This tutorial steps through all necessary program runs to calculate Bayes factors for comparing different gene flow models. We need to do the following:

  • Decide on the models that are interesting for a comparison. The method does not work well for a fishing expedition where one would try to evaluate all possible models; this is only possible only for population models with very few number of populations. It will be possible to enumerate all models for two or three populations but more will be very daunting.
  • Run each model through MIGRATE. Use the same prior settings for each of them because the prior distribution has some influence on the Bayes factors. Use the heating menu to allow for at least four chains. The menu supplies a shortcut to specify the temperatures, it is #. It generates temperatures that are spaced in a particular way: they are spaced so that the inverse of the temperature are regularly spaced on the interval 0 to 1. For example, the 4 different chains have temperatures 1.0, 1.5, 3.0, 100,000.0, this results in the spacing 1.0, 0.666, 0.333, and 0.0.
  • Compare the marginal likelihood of the different runs and calculate the Bayes factor and calculate the probability for each model.


More Details

thump

The following pages detail all steps using a small example. We use a simulated dataset that was generated using parameters that force a direction of migration from the population Ascona (A) to the population Brisago (B). The Brissago population is larger than the Ascona population and no individual from Brissago ever goes to Ascona, but Brissago receives about 1 migrant every four generation from Ascona.

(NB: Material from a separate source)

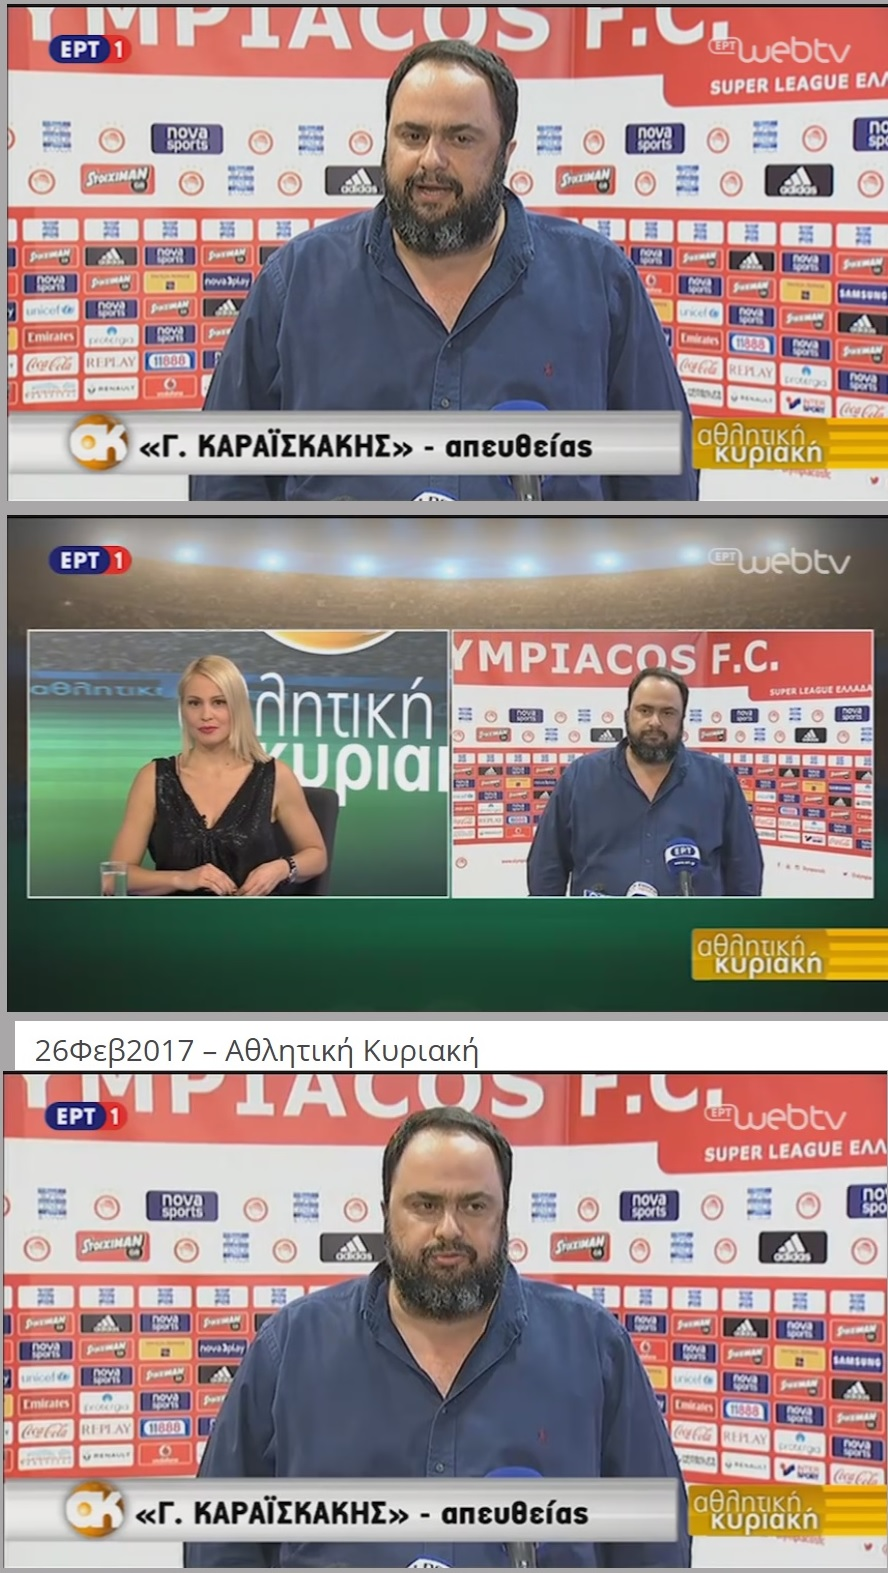 football-osfp-vs-panionios-win-anastasopoulou-marinakhs-08-270217

The dataset name is twoswisstowns (if you are not at the workshop then download here) We will evaluate a total of 7 population models.

  1. a full migration model with two population sizes and two migration rates (from A to B and from B to A);
  2. a model with two population sizes and one migration rate to Brissago;
  3. a model with two population sizes and one migration rate to Ascona;
  4. a model where Ascona and Brissago are part of the same panmictic population.
  5. a model where Ascona is an ancient city and Brissago was built a new from people who left Ascona; but Brissago is still attractive and people migrate to there ever since.
  6. a model where Brissago is an ancient city and Ascona was built a new from people who left Brissago; but Ascona is still attractive and people migrate to there ever since.
  7. a model where Ascona is an ancient city and Brissago was built a new from people who left Ascona and they became hostile towards each other and nobody moves between the cities.

. We know the truth therefore we have some prejudice about the ranking of the models, model 5 should be best, models with the same migration pattern as the truth should work better than those with alternative migration patterns, or those with many parameters.

First we need to figure out how to run the dataset efficiently in MIGRATE. For that we pick a parameter-rich model 1 and experiment with run conditions until we are satisfied that the run converges and delivers posterior distributions that look acceptable. Here are now the detailed instructions how to rank population genetics models for a particular dataset.

Familiarize with MIGRATE [Tutorial Start]

  • Make a new directory and download or copy the datafile
#if you are AT THE WORKSHOP use this
rsync -avz /class/molevol-software/migrate/migrate_tutorial .
cd migrate_tutorial
#if you are NOT at the workshop use this
mkdir migrate_lab
cd migrate_lab
wget http://popgen.sc.fsu.edu/tutorials/BF_migrate_tutorial2/twoswisstowns
  • Start the program: the regular distribution comes in two flavors the single cpu processor version called migrate-n and the parallel processing version that runs on cluster or computers with multiple cores is called migrate-n-mpi. We use a new version of MIGRATE: version 4.2.2. On the cluster you should be able to call migrate-n. (In this text I will call the program from now on simply MIGRATE).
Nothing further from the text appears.